The best explanation for why French and Dutch voters nixed a new European constitution was put forward by a popular Dutch chef in The Hague.
“Countries are like restaurants,” Pierre Wind told the New York Times. If Dutch voters endorsed the constitution, “we could be turning into a chain, like McDonald’s.”
Think of France as a bistro with a great wine selection. The Netherlands as a restaurant with endless varieties of rijstafel. Britain as a pub with steak and kidney pie. There’s no good way to combine them short of mushing them into a food court. Just so, French and Dutch voters feared having their national identities merged into a mushy European political entity. They had good reason to object.
The European Union is a wondrous construct. In the past five decades, it has made allies out of historic enemies and brought unprecedented prosperity to Europe. But it was created as an economic union, and its high point was the creation of a single currency, the euro.
The idea that the Europeans could create one superstate out of many, a United States of Europe, was a vast overreach.
The EU has kept adding members, now numbering 25, that include former communist states where people are willing to work for less than West Europeans. In the wings is Turkey (population 70 million, mostly Muslim), which is about to start the process of accession.
The French “non”and the Dutch “nee” were a belch from citizens suffering from EU indigestion. They are no longer certain where Europe is headed, or what it means to be “European.” It’s simplistic to pass this off as a protest by anti-Muslim racists, or lazy Frenchmen who fear a closer union would force on them a U.S.-style capitalist model.
These voters were expressing an angst that should make politicians pay attention on this side of the Atlantic. This is an era of dizzying global change, when the very nature of work and society is being reinvented. Europeans – and many Americans – find it hard to envision their future. They are looking for solid ground.
In the United States, more and more people seek certainty in religion. In Europe, where the EU aims to diminish individual state sovereignty, many Europeans want to re-embrace their own national identities.
According to Europe expert Charles Kupchan of the Council on Foreign Relations, last week’s vote was less about the constitution’s contents and more about “the distinct renationalization of political life in Europe. There is a sense of dislocation (in Europe),” says Kupchan, “that threatens national identities.”

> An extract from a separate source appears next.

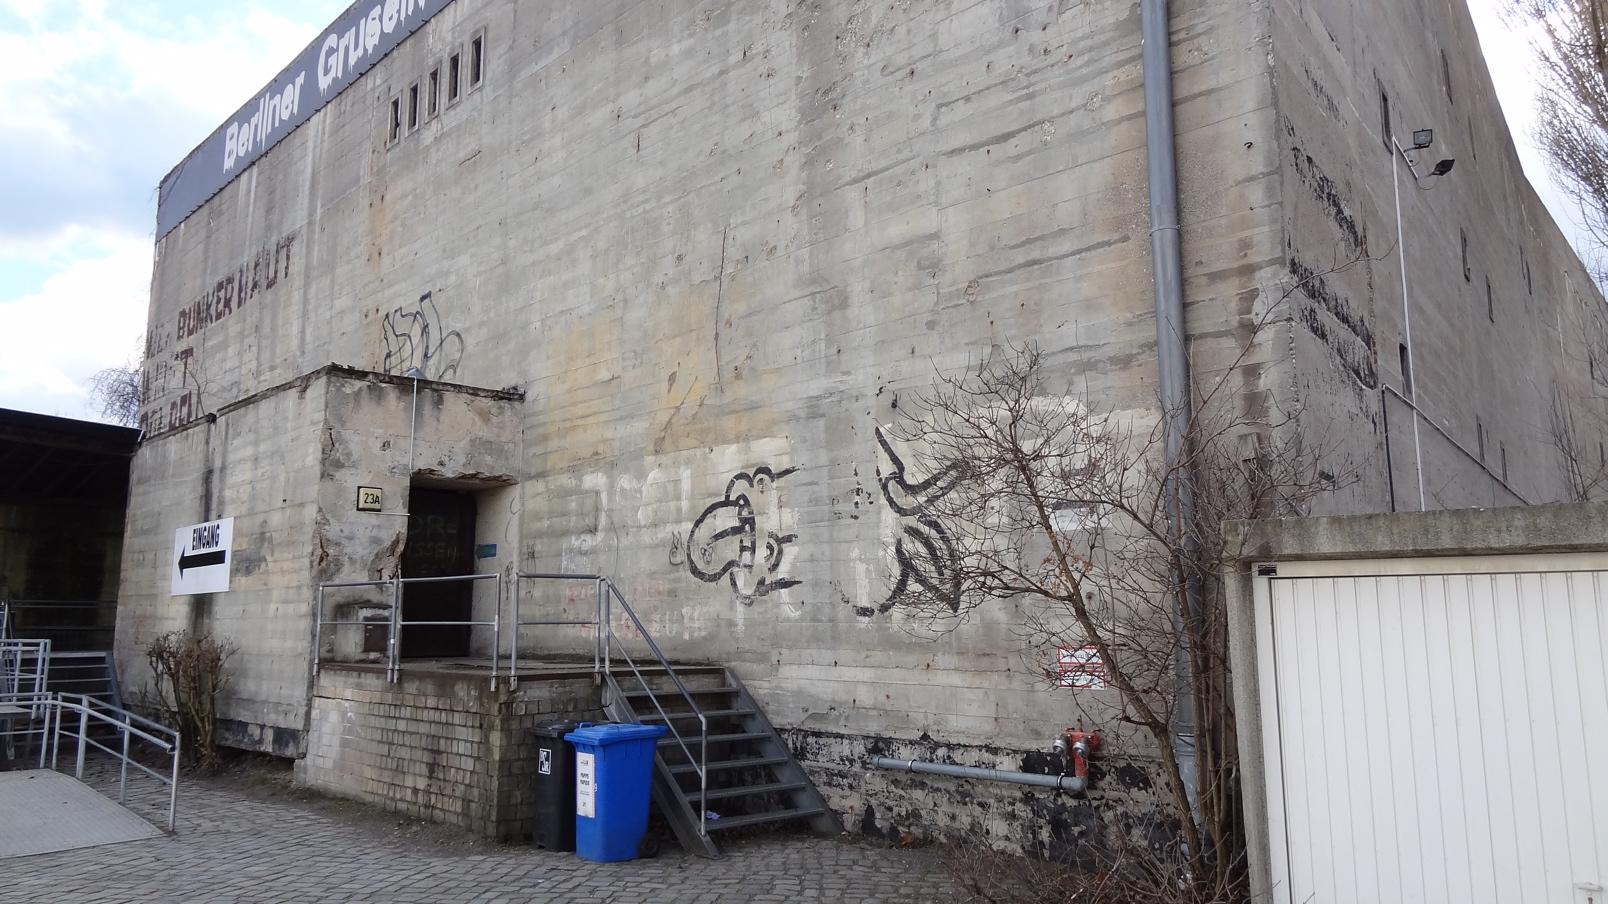 Bild Anhalter Hochbunker Berlin

Politicians ignore such anxieties at their peril. They are the stuff that breeds populist backlash and radical movements of the left and the right.
So what did European politicians do? They proposed to “streamline” the EU’s decision-making powers – meaning key decisions on issues such as immigration or law enforcement could be made without agreement of all members. The politicians claimed this “streamlining” was needed because the number of EU members was expanding.
But Dutchmen feared they might lose their liberal policies on drugs, gay marriage and euthanasia. Frenchmen feared they might lose their welfare state. Whether these policies are right or wrong, citizens should have the right to choose the leaders who make them. Instead, they felt their identity being subsumed by a Brussels bureaucracy.
No wonder only one country, Spain, has approved the new constitution by referendum. In nine other countries, legislatures approved it. But the document faces stiff opposition in Denmark, the Czech Republic and the United Kingdom.
For the sake of Europe’s future, its leaders need to take a political reality check.
The dream of promoting European political union was propelled by a desire to cement a united Germany into Europe in such a way that Europe’s past horrors could never return. But younger Europeans no longer fear the Germans. And Europe can’t become a political clone of the United States.
The American colonies had a hard enough time giving up powers to a central governing body, but their people at least shared a common language and a predominant Anglo-Saxon culture. Moreover, when immigrants came to America, they left their varied histories behind.
The 25 EU members bring widely diverse cultures and histories to the table. As French Ambassador to the United States Jean David Levitte recently noted: “We come with very different backgrounds, 2,000 years of different histories made of wars more than periods of peace.” Levitte thought it would take “one or two more generations” to produce one European foreign policy. The new constitution calls for a common European foreign minister. But Germany is seeking its own permanent seat on the U.N. Security Council, in addition to permanent seats held by France and Britain. None of the three is willing to give up its seat in favor of one common EU representative.
Until they are, might it not make sense for EU members to reconsider the pace of political integration? Europe, as Levitte also noted, is in its longest period of peace since the Roman Empire. Why not give citizens more time to digest recent changes and figure out where they want Europe to go?